Ask a software engineer: “How would you add search functionality to your product?” or “How do I build a search engine?” You’ll probably immediately hear back something like: “Oh, we’d just launch an ElasticSearch cluster. Search is easy these days.”

But is it? Numerous current products still have suboptimal search experiences. Any true search expert will tell you that few engineers have a very deep understanding of how search engines work, knowledge that’s often needed to improve search quality.
Even though many open source software packages exist, and the research is vast, the knowledge around building solid search experiences is limited to a select few. Ironically, searching online for search-related expertise doesn’t yield any recent, thoughtful overviews.
Emoji Legend
❗ “Serious” gotcha: consequences of ignorance can be deadly
🔷 Especially notable idea or piece of technology
☁️ ️Cloud/SaaS
🍺 Open source / free software
🦏 JavaScript
🐍 Python
☕ Java
🇨 C/C++
Why read this?
Think of this post as a collection of insights and resources that could help you to build search experiences.

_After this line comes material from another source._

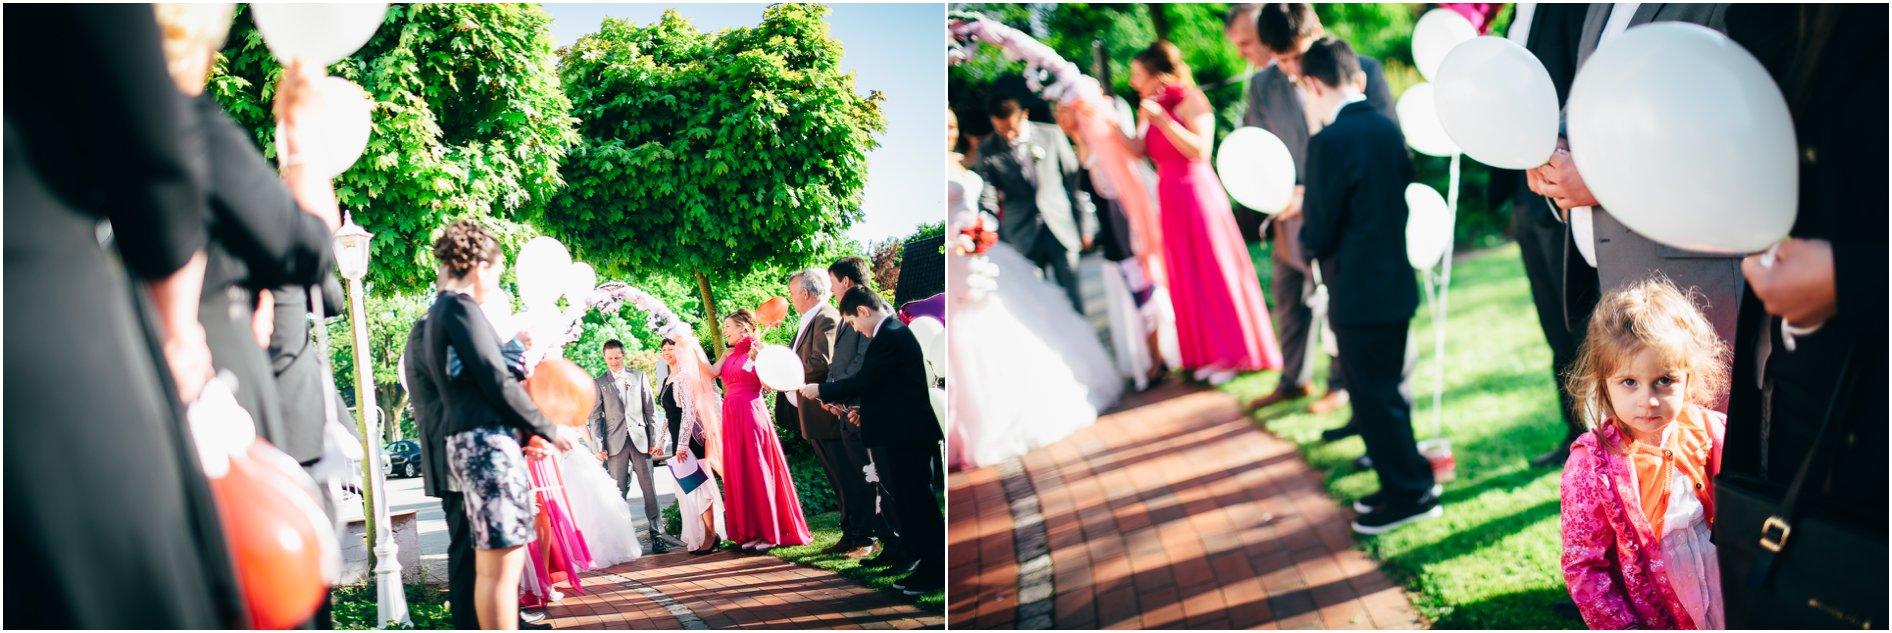 2014-07-16_0203 Anna & Igor - Hochzeitsfotograf in Bremen

It can’t be a complete reference, of course, but hopefully we can improve it based on feedback (please comment or reach out!).
I’ll point at some of the most popular approaches, algorithms, techniques, and tools, based on my work on general purpose and niche search experiences of varying sizes at Google, Airbnb and several startups.

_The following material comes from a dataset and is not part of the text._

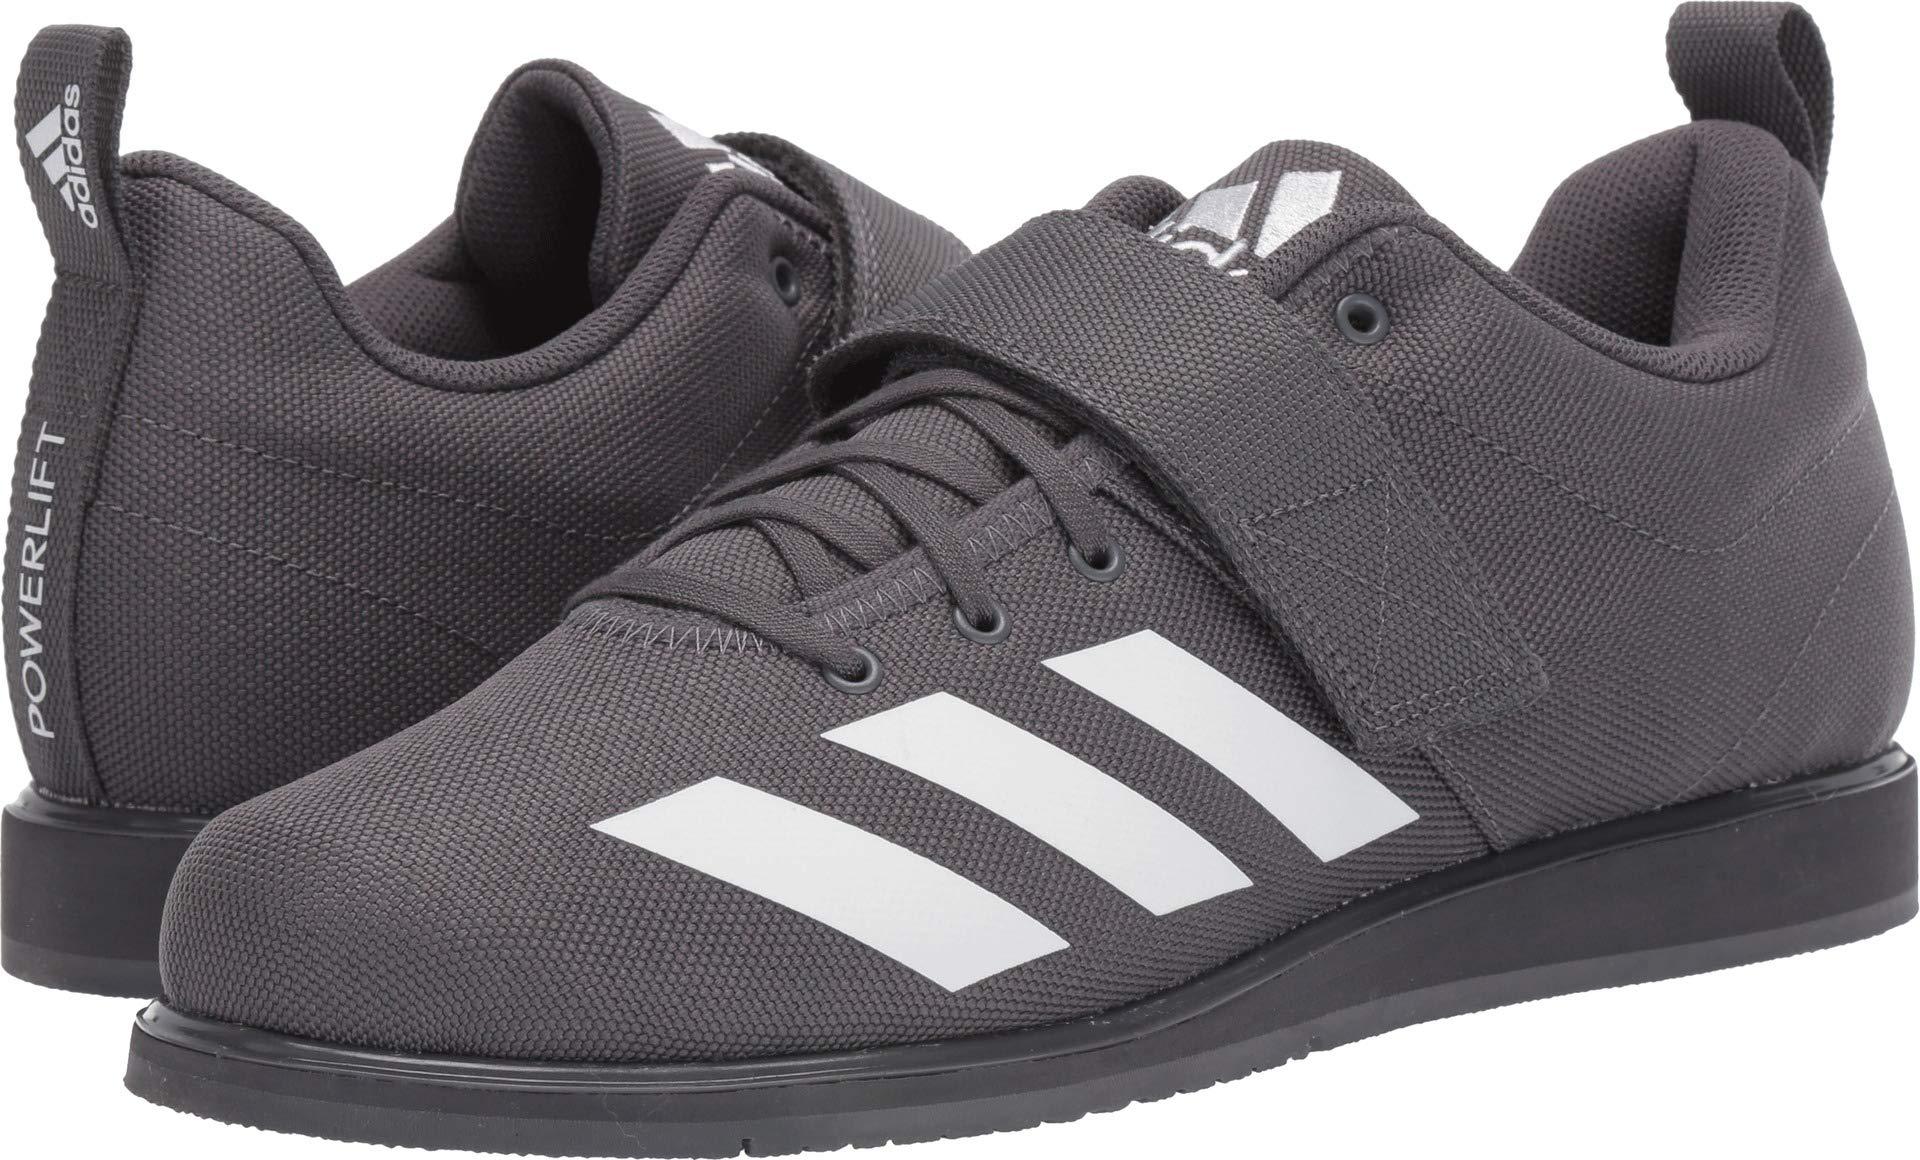 adidas Men's Powerlift 4, White/Grey, 4 M US

❗️Not appreciating or understanding the scope and complexity of search problems can lead to bad user experiences, wasted engineering effort, and product failure.

If you’re impatient or already know a lot of this, you might find it useful to jump ahead to the tools and services sections.
Some philosophy
This is a long read. But most of what we cover has four underlying principles:
🔷 Search is an inherently messy problem:
Queries are highly variable. The search problems are highly variable based on product needs.

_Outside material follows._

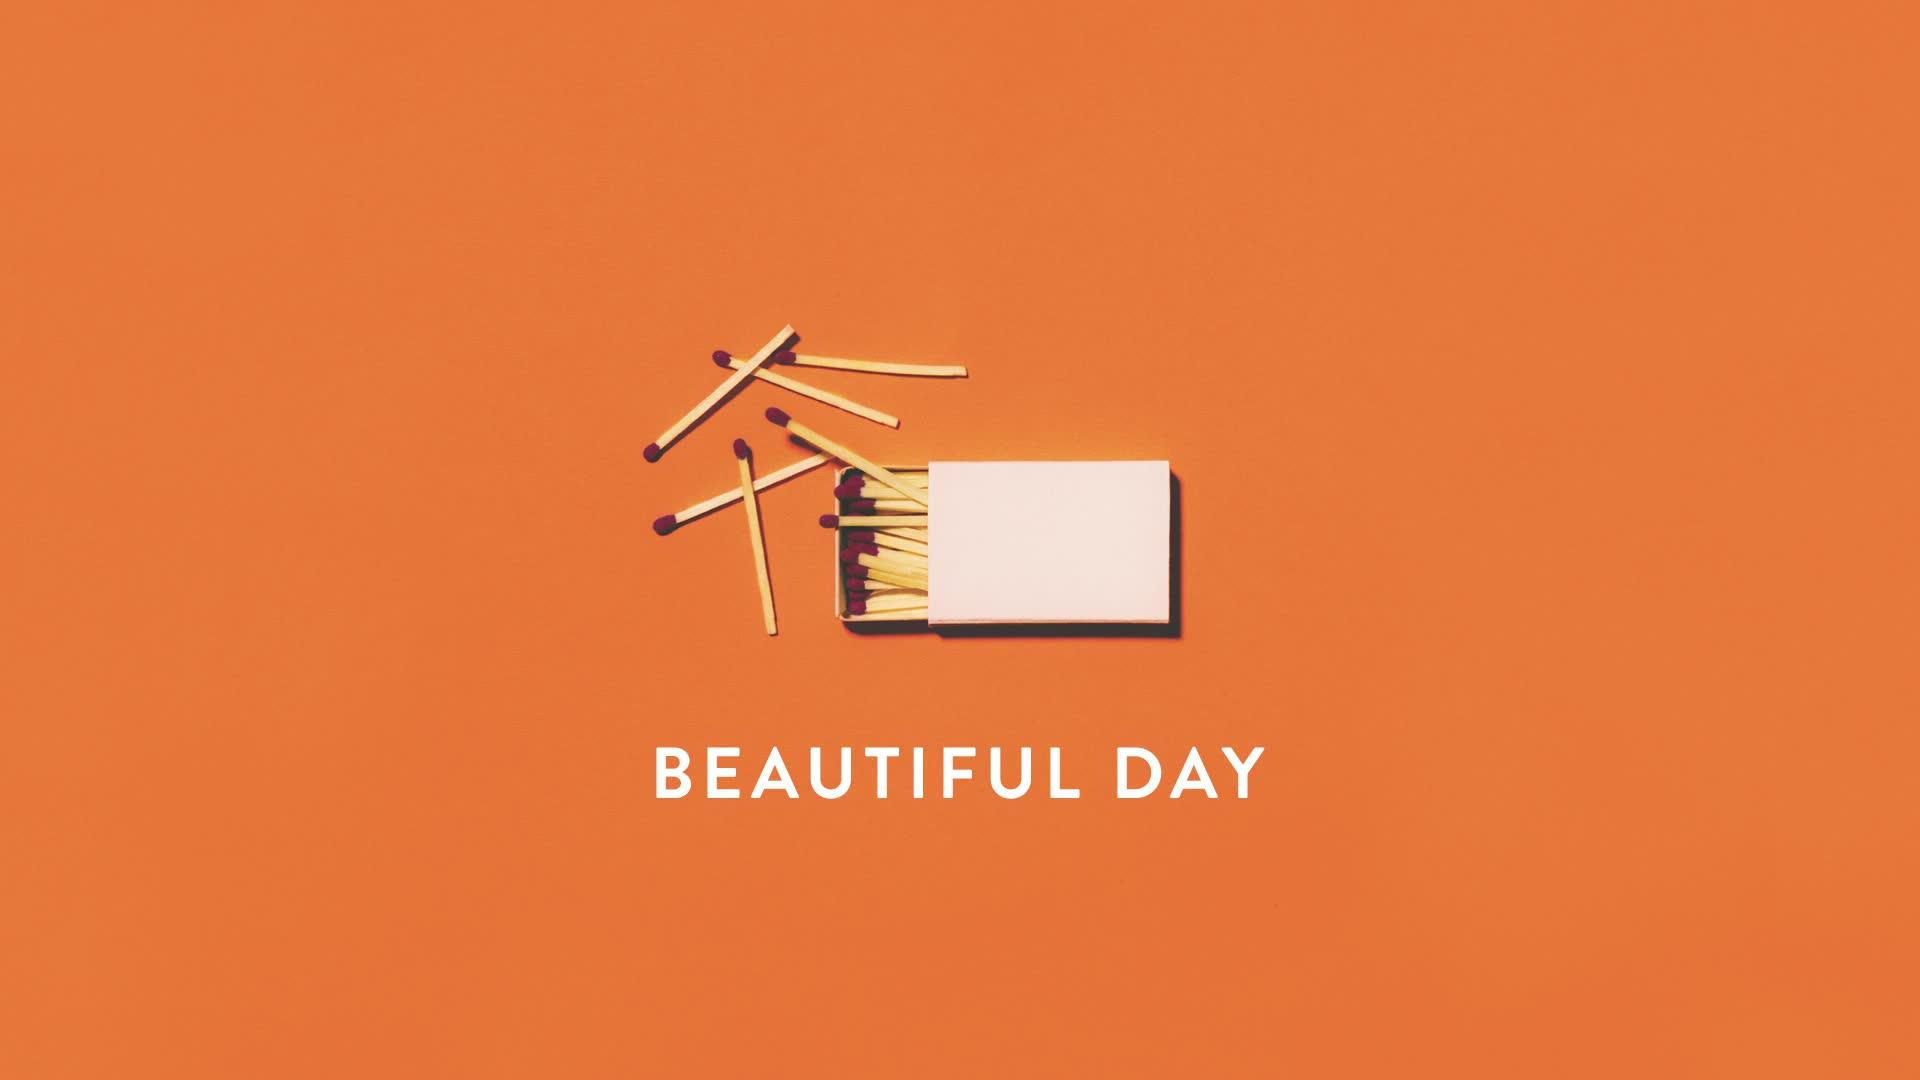 Jesus Culture - Beautiful Day

Think about how different Facebook search (searching a graph of people).
YouTube search (searching individual videos).
Or how different both of those are are from Kayak (air travel planning is a really hairy problem).
Google Maps (making sense of geo-spacial data).
Pinterest (pictures of a brunch you might cook one day).
Quality, metrics, and processes matter a lot:
There is no magic bullet (like PageRank) nor a magic ranking formula that makes for a good approach. Processes are always evolving collection of techniques and processes that solve aspects of the problem and improve overall experience, usually gradually and continuously.
❗️In other words, search is not just just about building software that does ranking or retrieval (which we will discuss below) for a specific domain. Search systems are usually an evolving pipeline of components that are tuned and evolve over time and that build up to a cohesive experience.
In particular, the key to success in search is building processes for evaluation and tuning into the product and development cycles. A search system architect should think about processes and metrics, not just technologies.
Use existing technologies first:
As in most engineering problems, don’t reinvent the wheel yourself. When possible, use existing services or open source tools. If an existing SaaS (such as Algolia or managed Elasticsearch) fits your constraints and you can afford to pay for it, use it. This solution will likely will be the best choice for your product at first, even if down the road you need to customize, enhance, or replace it.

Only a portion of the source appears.